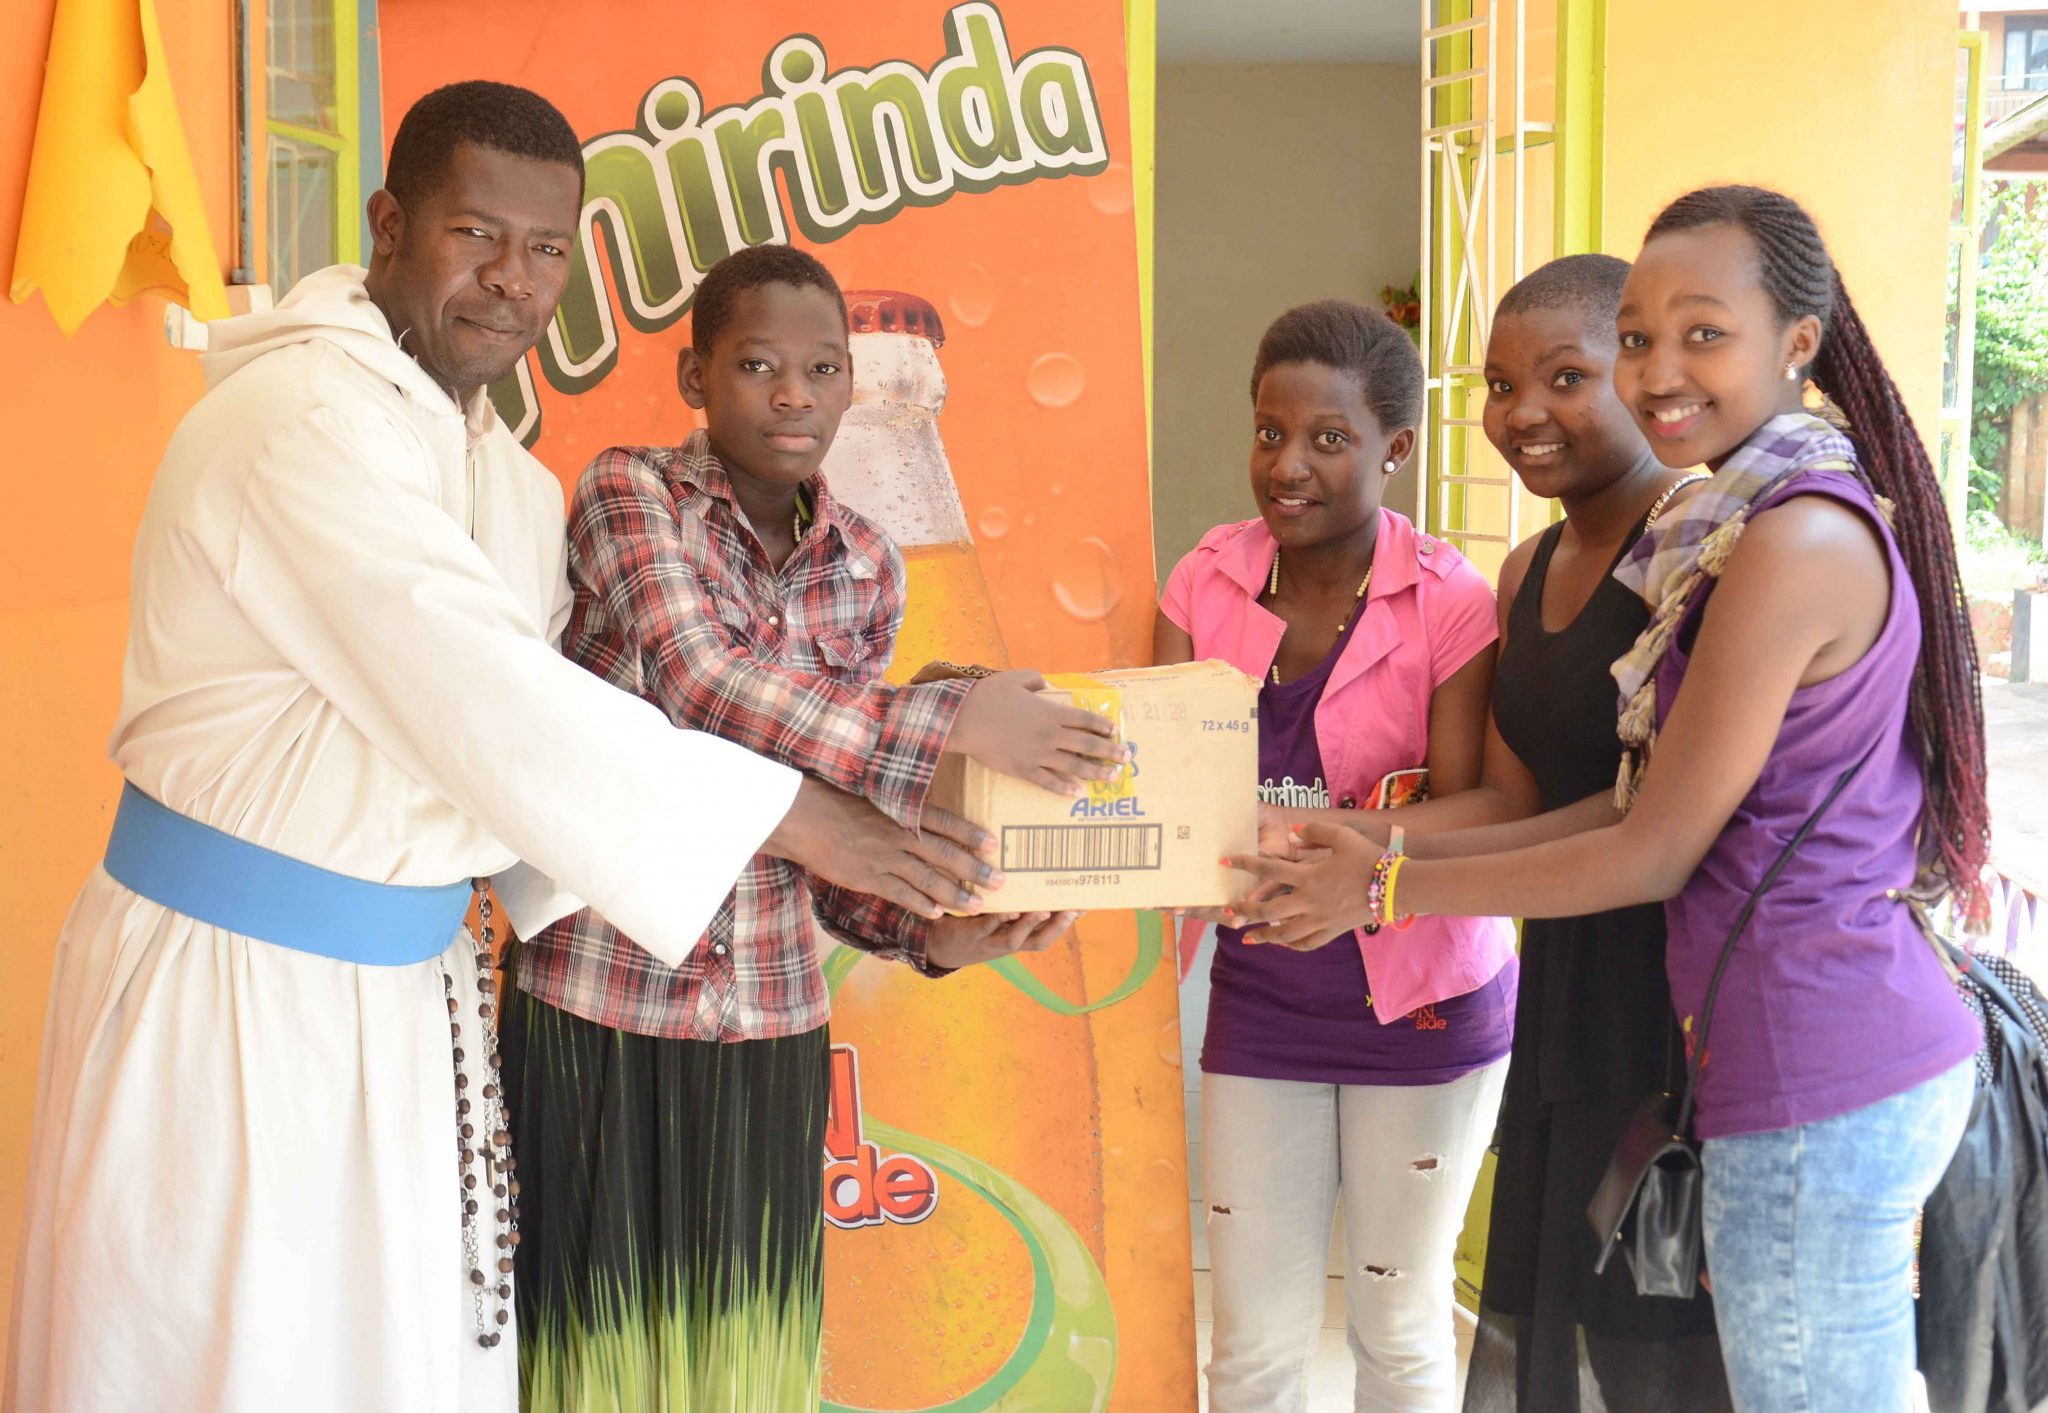 Reigning Mirinda Miss Teen- Vaneesa Nansoove (in pink) hands over toiletries and food supplies to the Missionaries of the Poor represented by brother Loubert
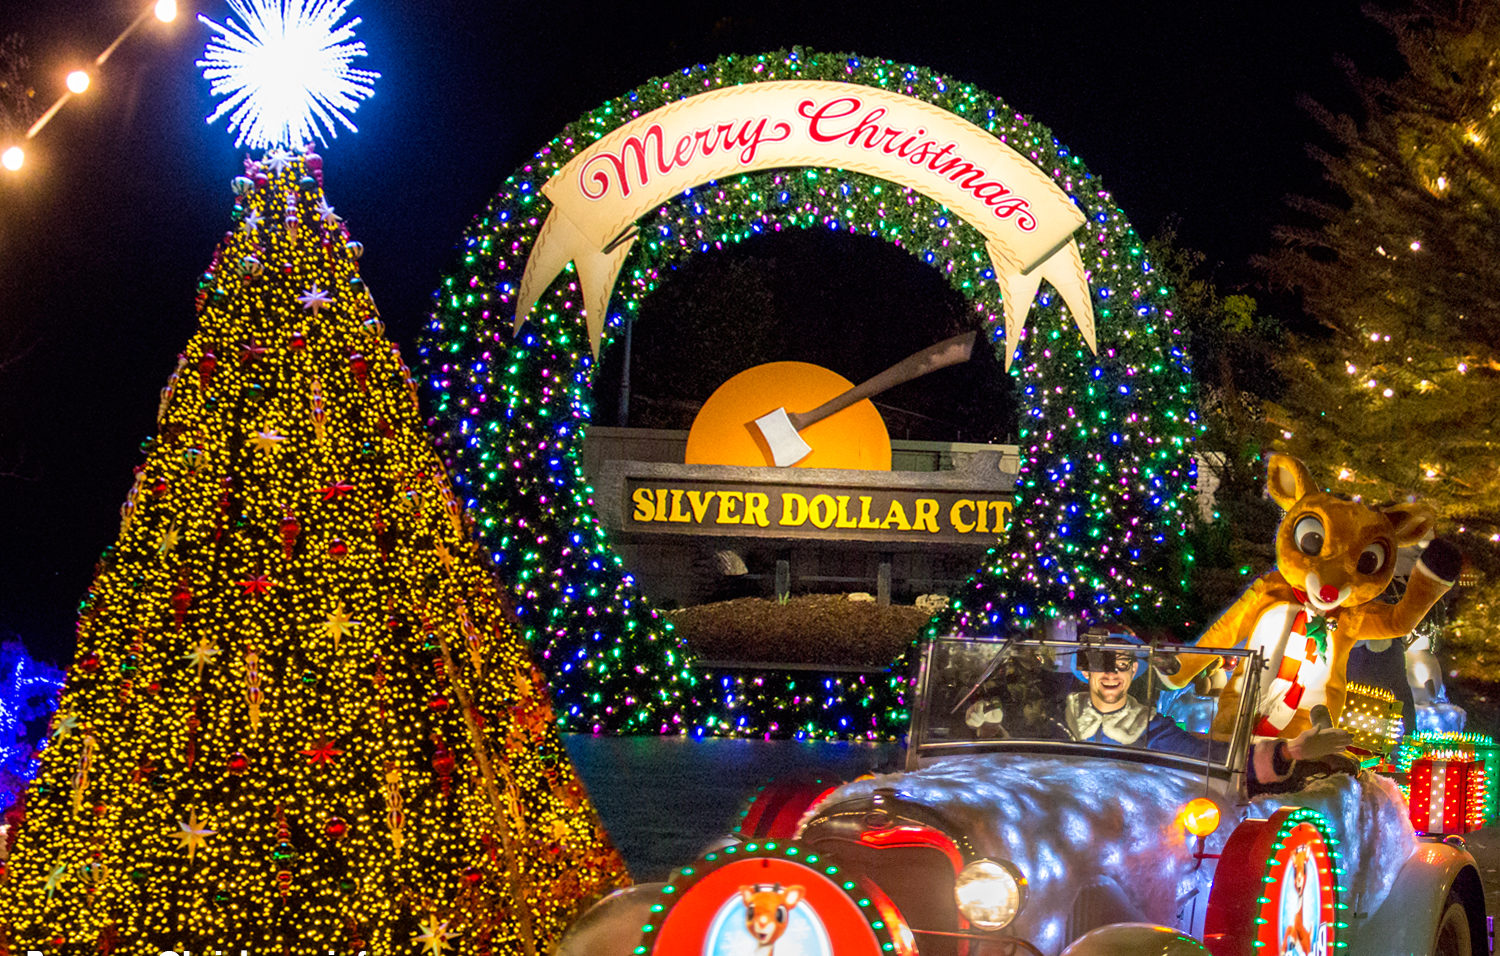 The Best Places to see Christmas Lights in Branson
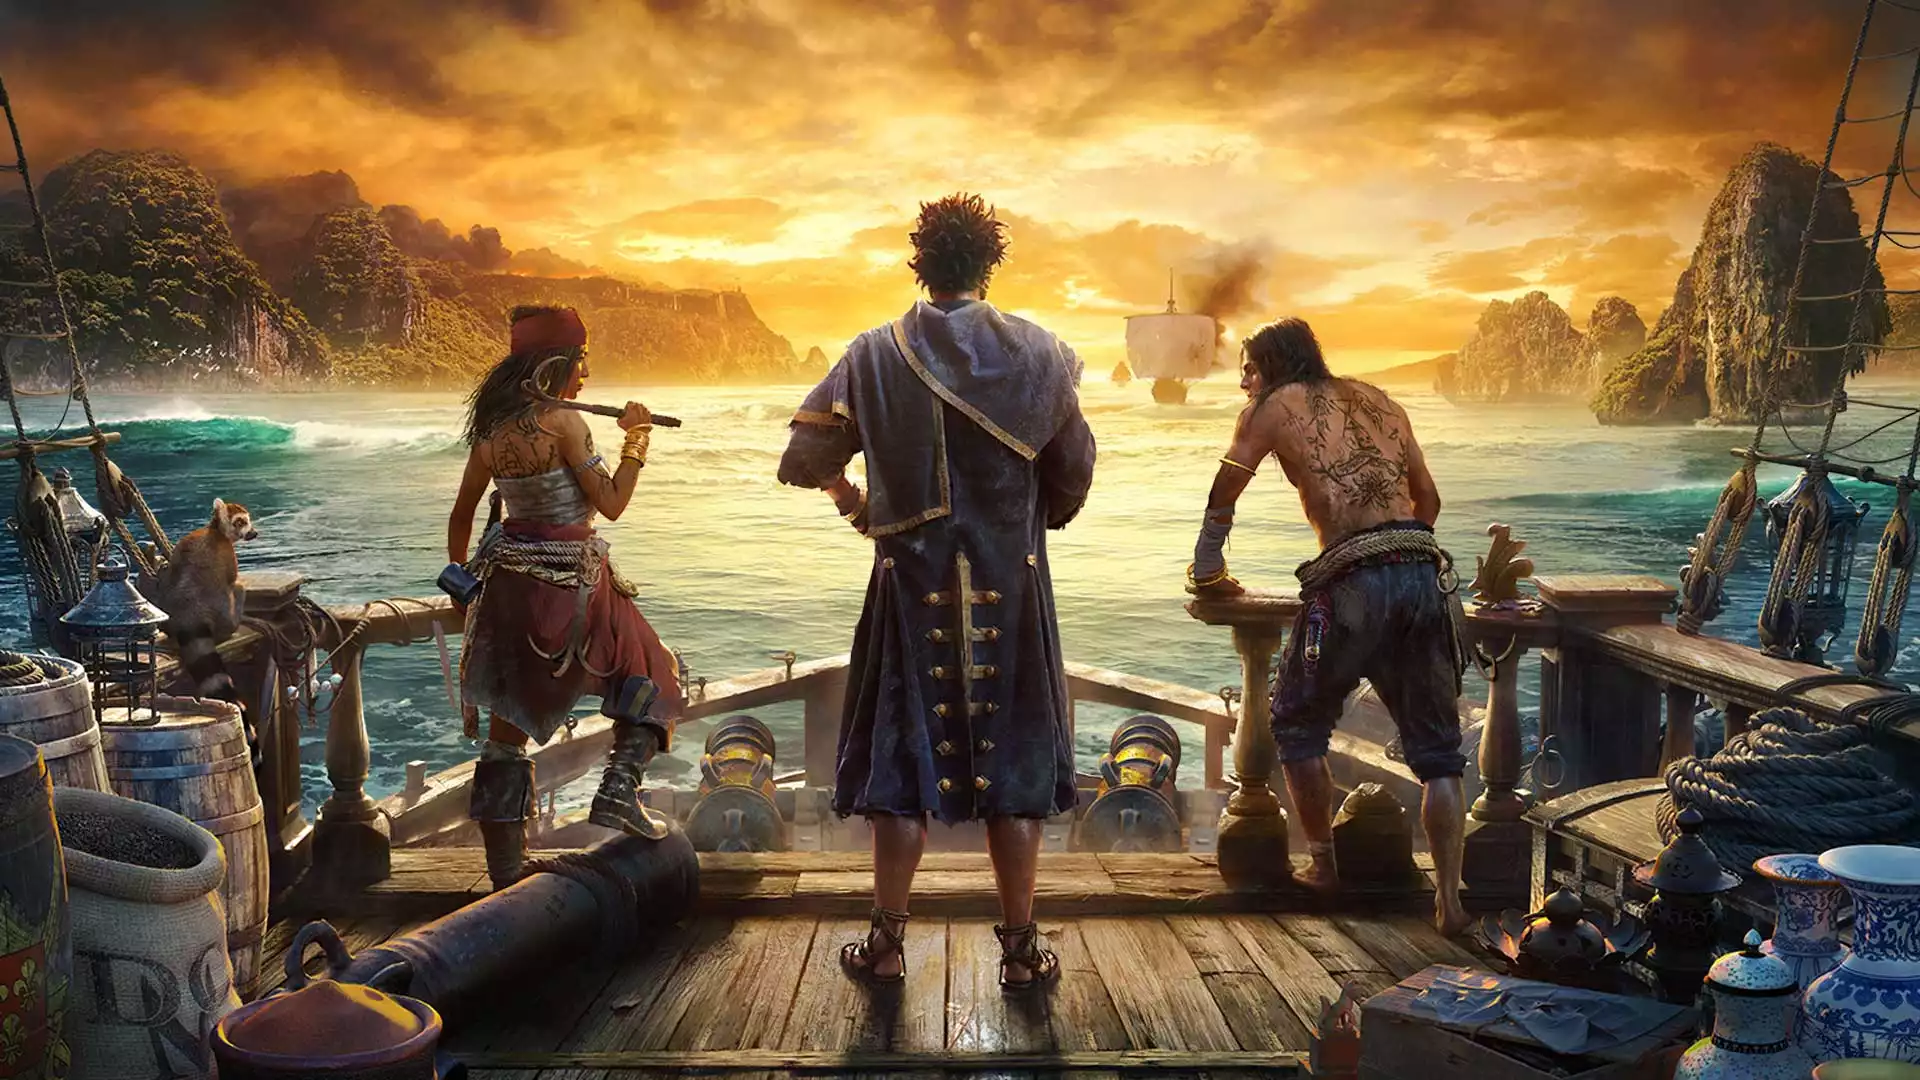 11 best pirate games to play in 2023: Assassin's Creed Black Flag, Pillars of Eternity II: Deadfire & more
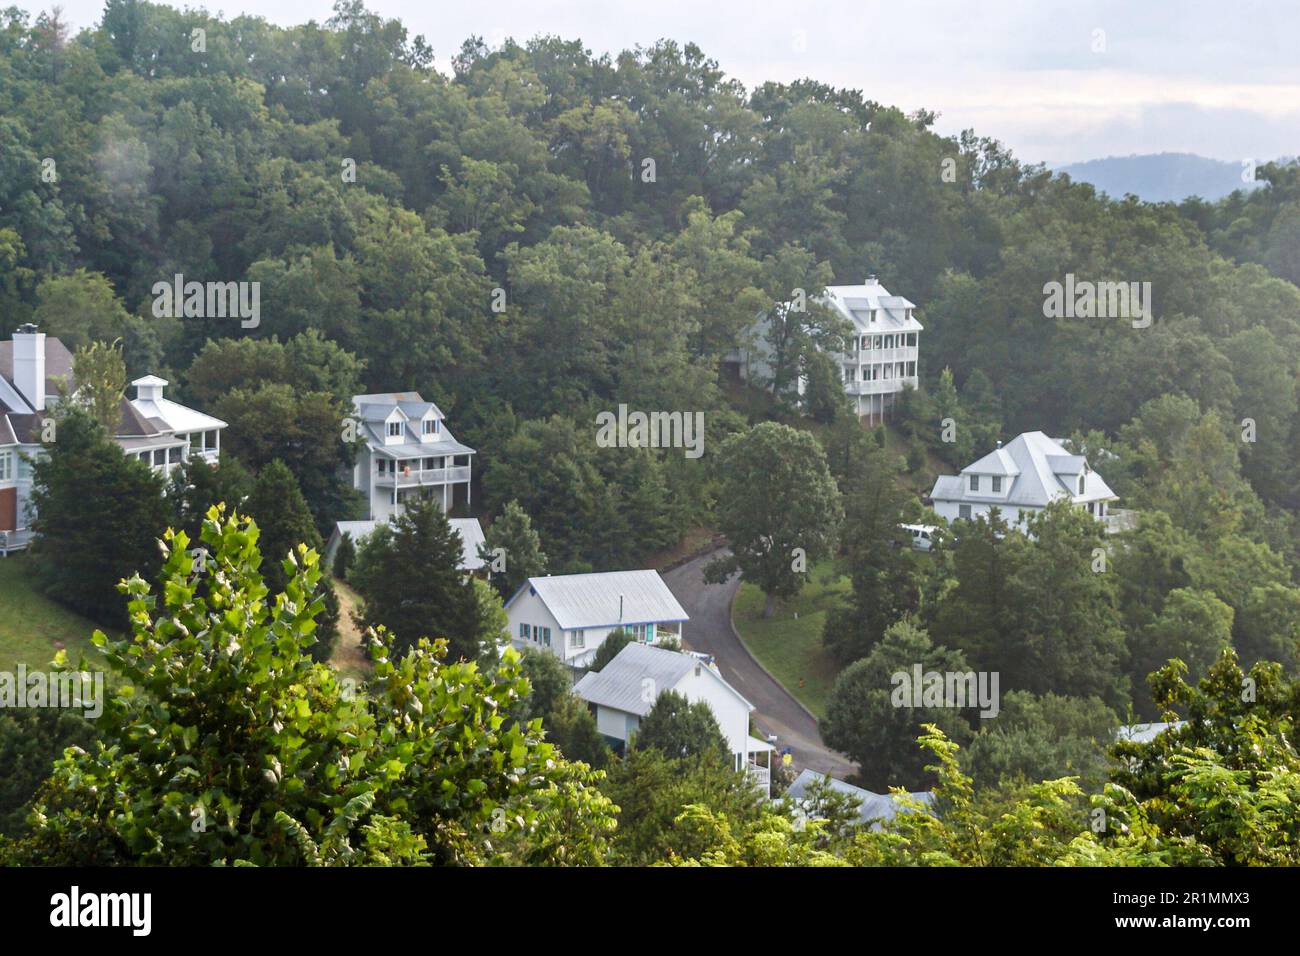 Tennessee Smoky Mountains Sevierville,Hidden Mountain Resort rental homes houses, Stock Photo

§ YOUR INSTRUCTIONS: Please restate word for word each line from the one containing "11 best pirate" to the end of the data above, without the pictures.

§ RESPONSE BELOW:
 11 best pirate games to play in 2023: Assassin's Creed Black Flag, Pillars of Eternity II: Deadfire & more
 Tennessee Smoky Mountains Sevierville,Hidden Mountain Resort rental homes houses, Stock Photo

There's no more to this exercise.